Mt. Coe (3795 feet)


This description was written many years before my web project started. Since the 100 highest club only requires that you climb each peak "sometime during your lifetime" this description should still be valid. I have corrected some spelling and glaring grammatical errors, but otherwise I left this description just as I originally wrote it. I will include some modern comments in the text of the description below using italics. (Date transcribed: July 27, 1996)

August 11, 1984

Today Cathi [my first wife], and our friends Mary and John left Cathi's parents's camp about 8:00am EDT for Baxter State Park. The weather was cloudy and threated rain so we planned a climb of the smaller Mt. Coe rather than Katahdin.

The trip along the park roads was longer and more tedious than usual. However, there were some interesting views of Doubletop Mountain. We began the ascent on the Marston Trail. It climbed steeply at first through a primarly fir forest. The trail was somewhat overgrown in areas where most of the trees had died. We later found out from the rangers at the gatehouse that the "dead zones" (which were clearly visable from the higher slopes as gray bands across the forest) were due to an insect infestation a few years earlier. [Actually, what we were looking at were probably "fir waves"—a normal killing of trees that occurs due to winds]

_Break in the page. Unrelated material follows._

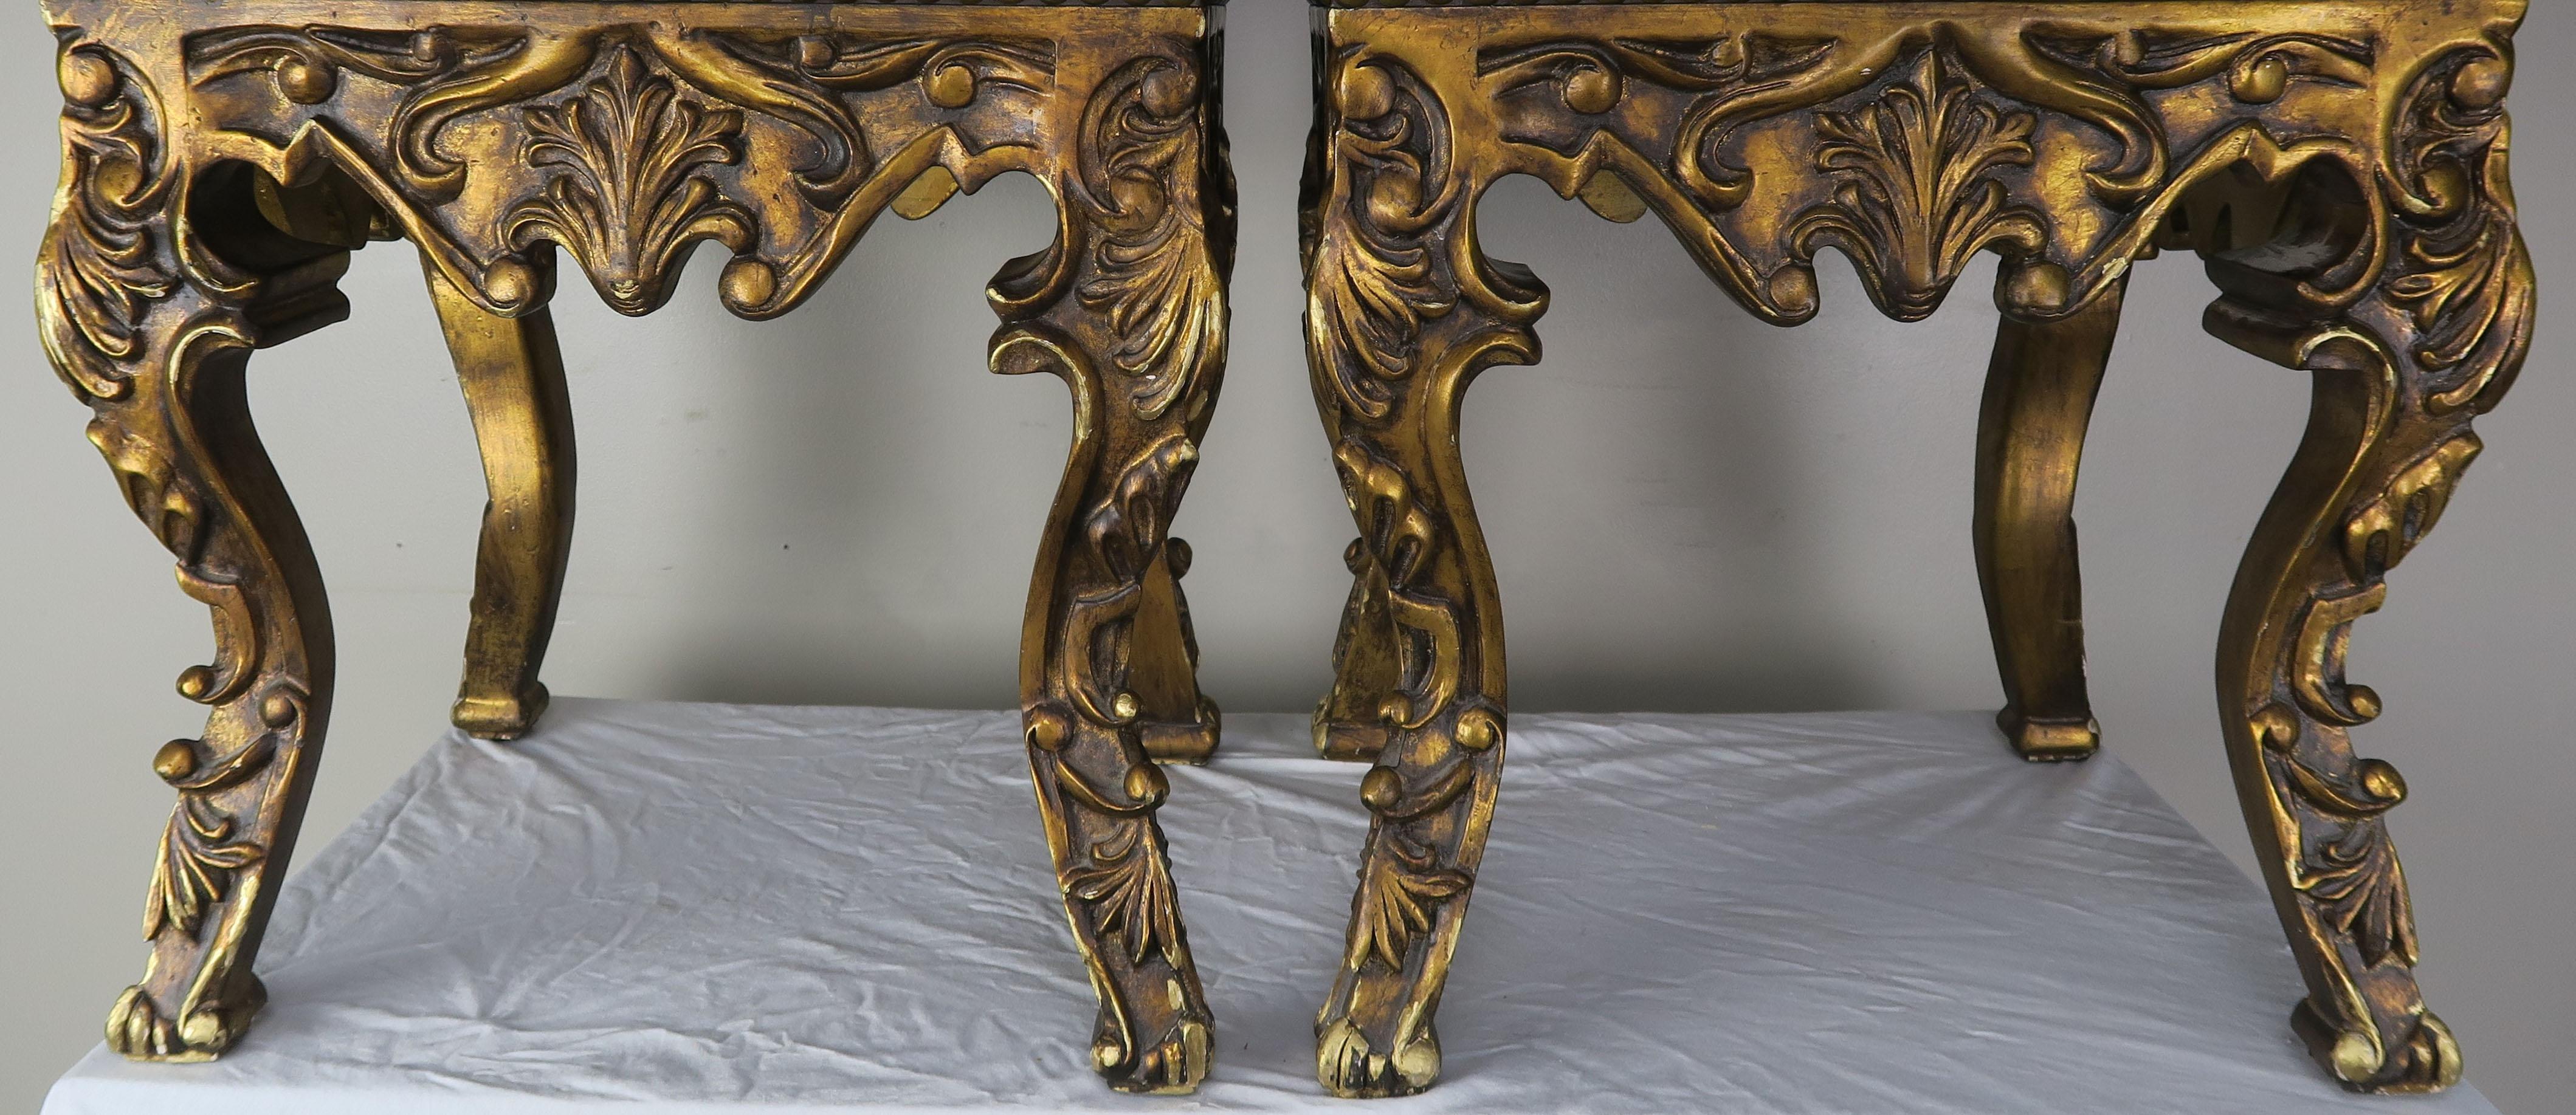 Pair of French Louis XV leather benches upholstered in brown colored leather with antique brass colored nailhead twin detail. Beautiful carving throughout the antique giltwood finish. The benches stand on four cabriole legs that are beautifully

At about 1.3 miles we turned onto the Mt. Coe Trail. A few tenths of a mile later we crossed a small icy stream at which we paused for a break. On the way down the trail we paused here again to wade our feet in the water.

We followed the trail as it ascended alongside the stream. The stream was at the bottom of a rather unusual gulch. It was very open and sandy with numerous boulders strewn about. One got the impression of walking in a gravel pit. [The Mt. Coe Trail follows an old slide] There were many interesting views of Mt. O-J-I and Doubletop Mountain but our destination was in the clouds.

When the trail reached the headwaters of the stream, it began to ascend steeply over open slabs of rock. There was much loose gravel and tricky footing. Progress was slow over this region because Mary's right hand was in a cast and she couldn't support her entire weight on it.

When we reached the top of the open rock we entered the forest again. The trees were only eight feet high and yet the forest was not exceedingly thick. It would not have been too difficult to walk through that forest without a trail. The forest floor was thickly covered with mosses preventing sound from carrying far and giving the place an "indoor" feeling (as Cathi described it).

We shortly obtained the summit from where we saw: fog. The top was just barely clear. The "trees" had shrunk to only a foot or so and it was easy to see over them even while sitting. For a moment things did clear off enough to give us a fair view of North and South Brother and the Klondike. Katahdin itself was not visible.